It feels like we’ve studied this movie a hundred times and more, as Marcus keeps coming back to it over and over for some particular reason. Marcus is so obsessed with Vertigo that I think he could talk about it all day, in every class, and still find new and interesting things to say. I think it’s because Vertigo has everything that Marcus loves about film. All the fetishes and paraphilias anyone could really want and need. Now I know a little more about Marcus, through Anna, I can understand why.

I’m also as certain as I can be of one thing. That just like Scottie, Marcus is obsessed with platinum blondes, the ones that will drive a man to ruin. Marcus is obsessed with Anna.

I guess Anna’s influence must be rubbing off on me too, because I’ve found myself starting to dress more like her. Not just like her, but in her actual clothes. I’m wearing this semi‑sheer white tank top with a scoop neck that shows off my bra. I asked Anna if I could borrow it, even though I wasn’t sure it really suited me at all. And I’m wearing her leopard print Lycra leggings and stiletto sandals; the kind of look that tells a man, I am ready to eat you. Even Jack looked at me strangely this morning when I came out of the bedroom dressed and ready to leave, because he’s never seen me wearing things like this. And when he looked at me, I wondered if my crush on Marcus had gone too far.

Now I’m here it just seems like a lot of wasted effort for nothing because Marcus is ignoring me as usual. He’s talking about Scottie’s insistence that Judy dress in exactly the same manner as her deceased doppelgänger, Madeleine; the same clothes, the same hairstyle and hair color. I’m dressing like Anna for Marcus, but whatever I’m doing clearly isn’t working, clearly doesn’t make him hard. Now I know Marcus has a thing for blondes, I’m wondering if I should just go the whole hog and bleach my hair, so that I’m as close to Anna as I can be without actually being her. I can see that Marcus isn’t hard for me because he’s wearing his brown suit pants again.

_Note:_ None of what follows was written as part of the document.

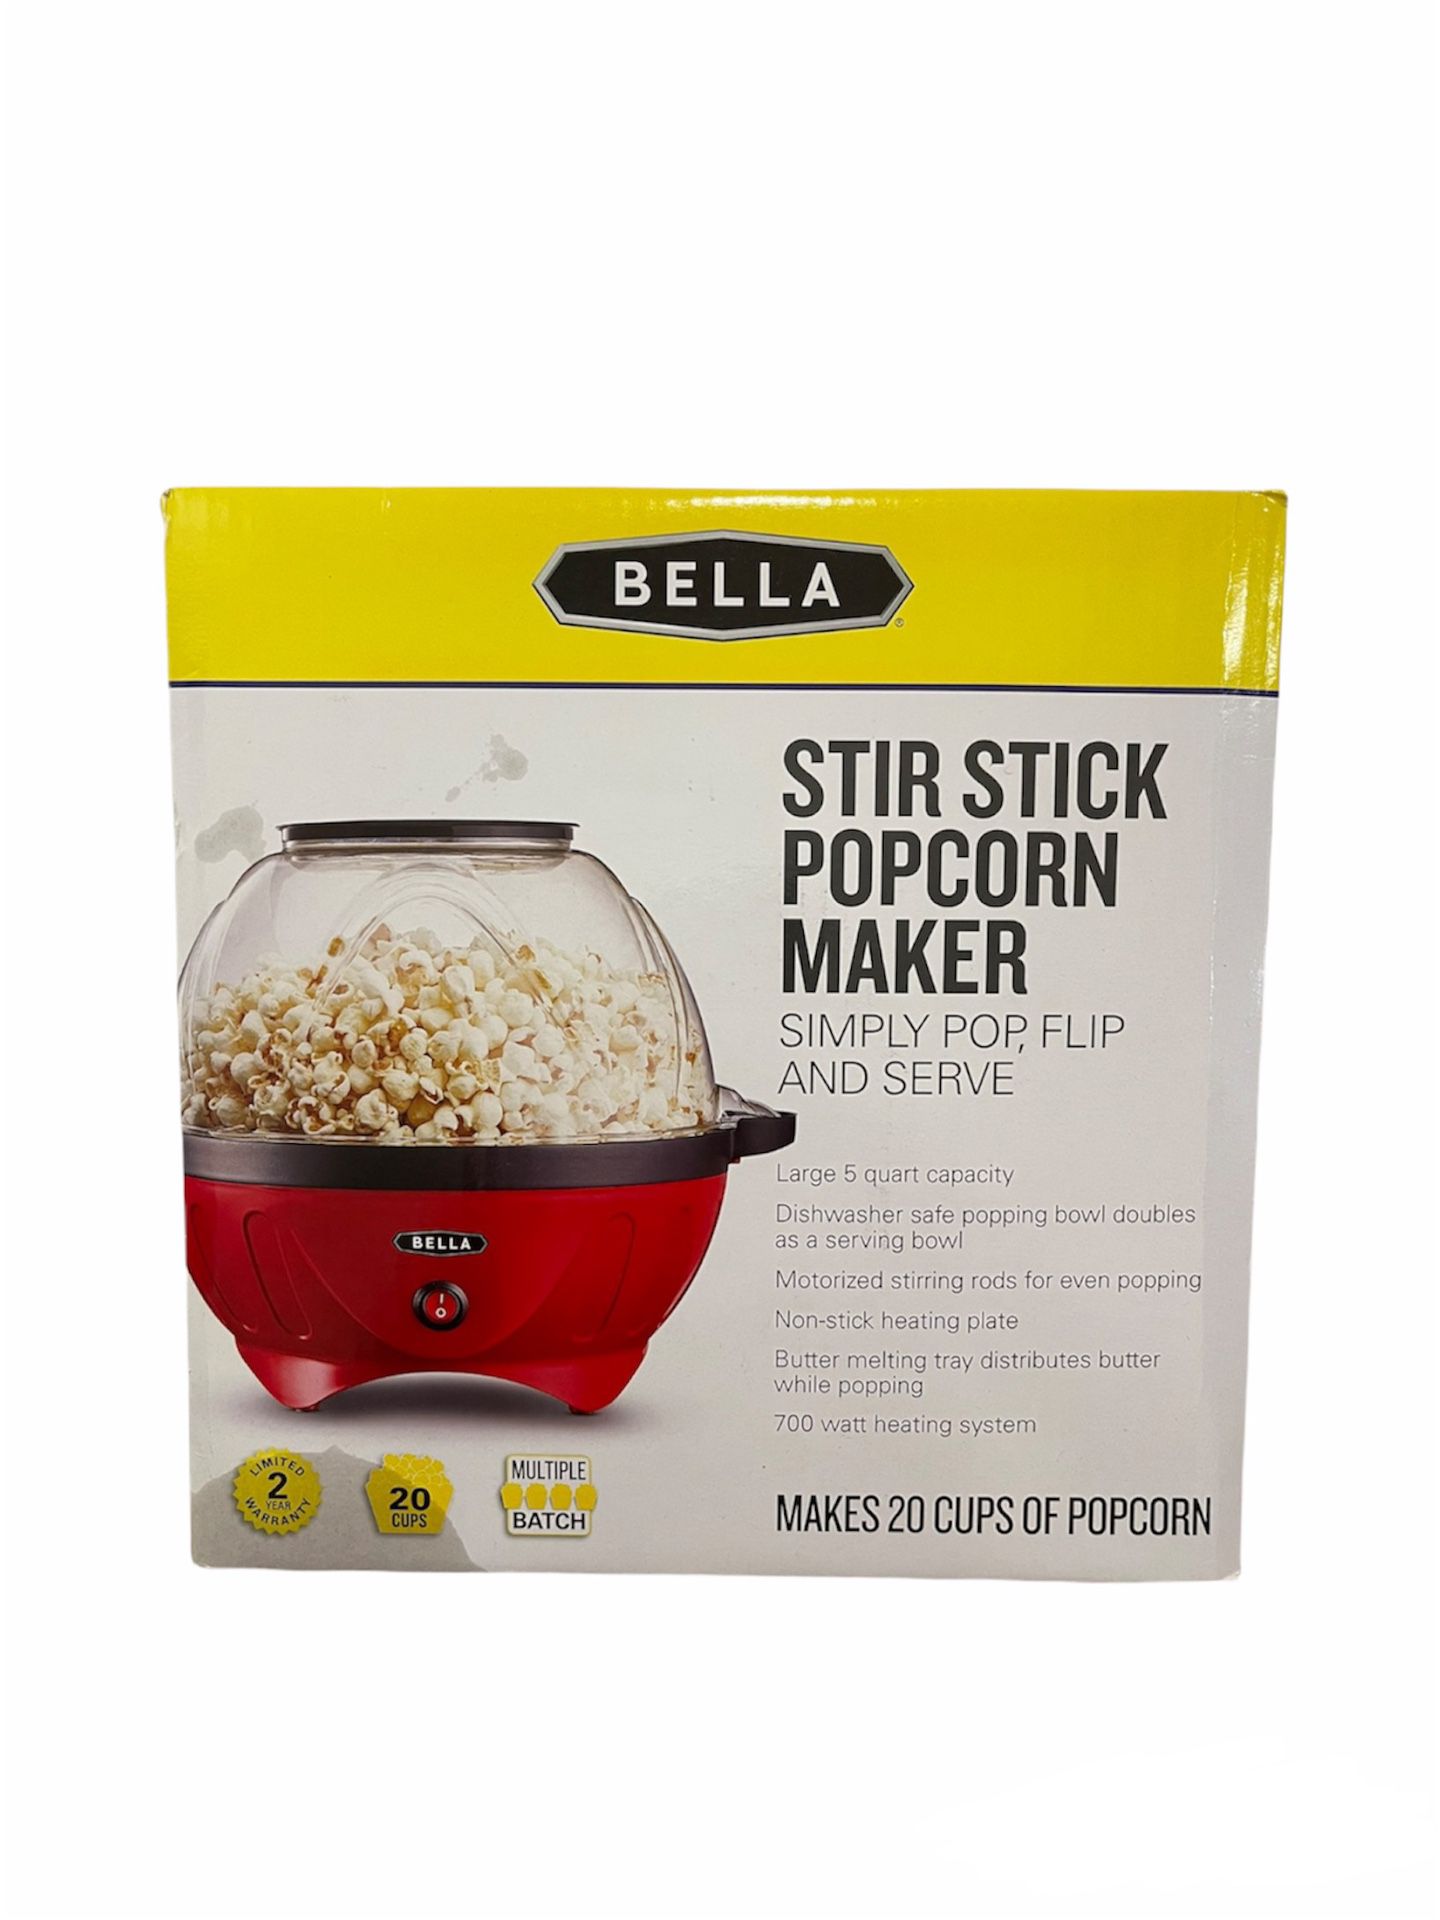 Bella Stir Stick Popcorn Maker
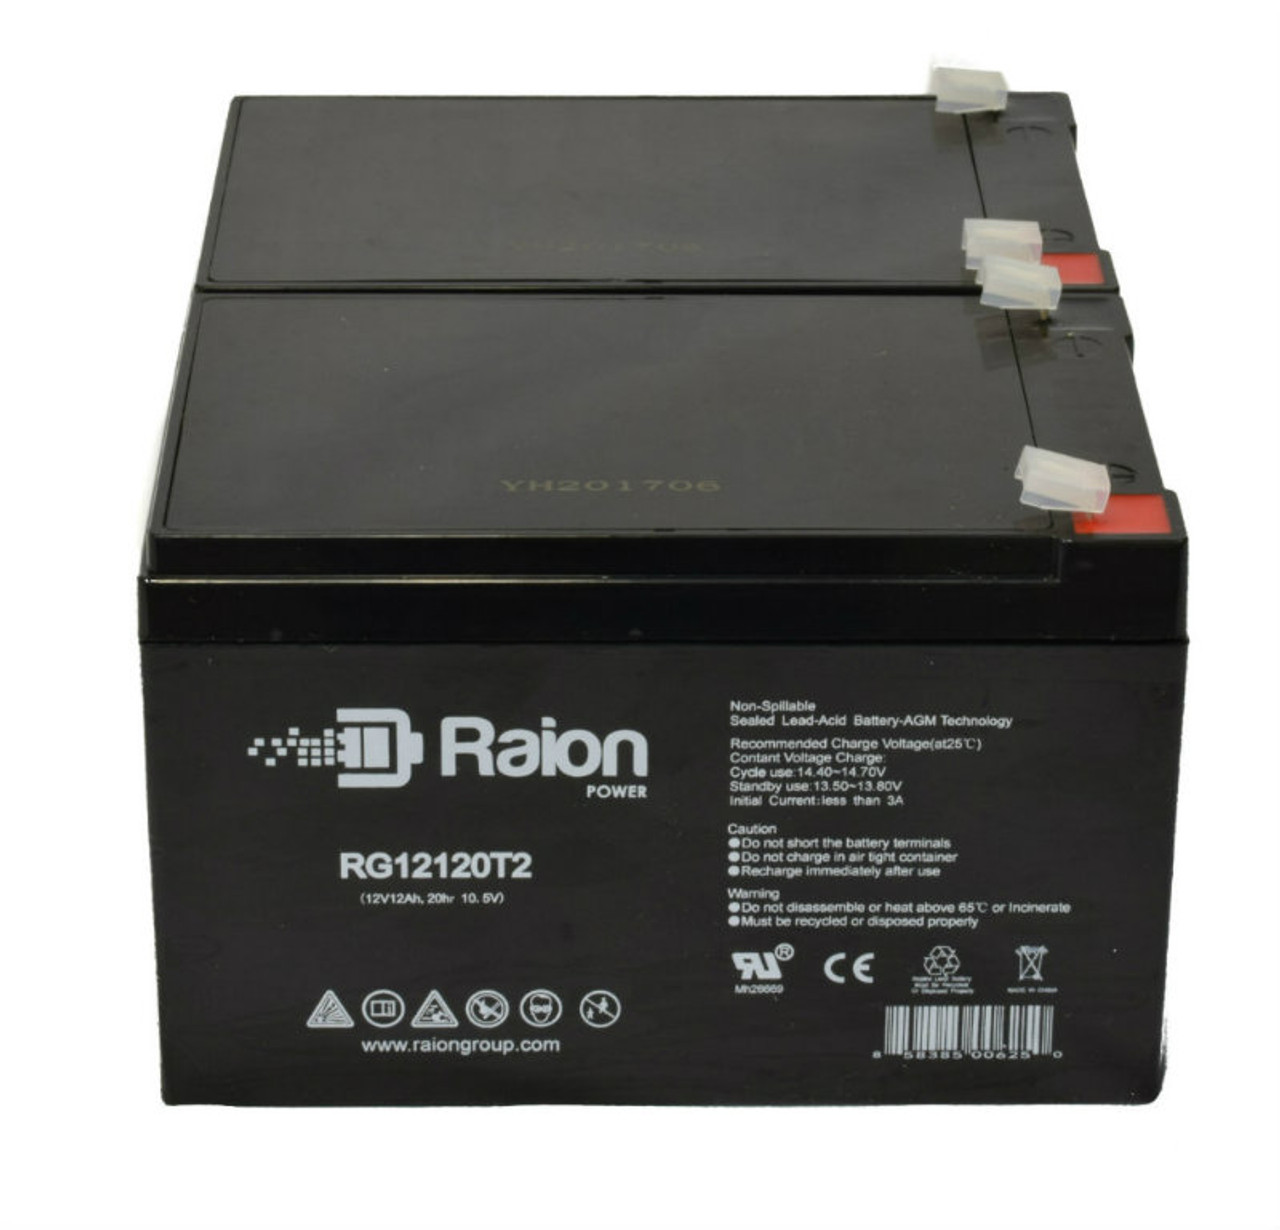 Raion Power 12V 12Ah Non-Spillable Compatible Replacement Battery for Magnavolt SLA12-14 - (2 Pack)

Marcus is telling us that everything we need to know about Hitchcock, the man, is contained in the films he directed and I figure it’s kind of like the way they say that clothes make the man. I’m deconstructing the meaning of Marcus’ brown suit pants – the pants he always wears – to try to get to the bottom of who he really is. And I wonder if they’re the only pair he owns or whether his closet, when he’s not standing in it waiting for Anna to arrive, is like Mickey Rourke’s closet in Nine and a Half Weeks ; filled with multiple pairs of the same set of clothes. The same white cotton shirt with the band collar that he always wears too, and those trousers, tight around the crotch and ass, slightly flared at the legs. The kind of trousers that went out of style at the end of the seventies.

I wonder if he trawls through thrift stores looking for exactly that style, with those exact measurements. The ones that hold his package firm and show it off at the same time. Then I decide that if Marcus has kept his mother’s clothes in pristine condition all this time, it’s probably more likely he bought them new, or almost new.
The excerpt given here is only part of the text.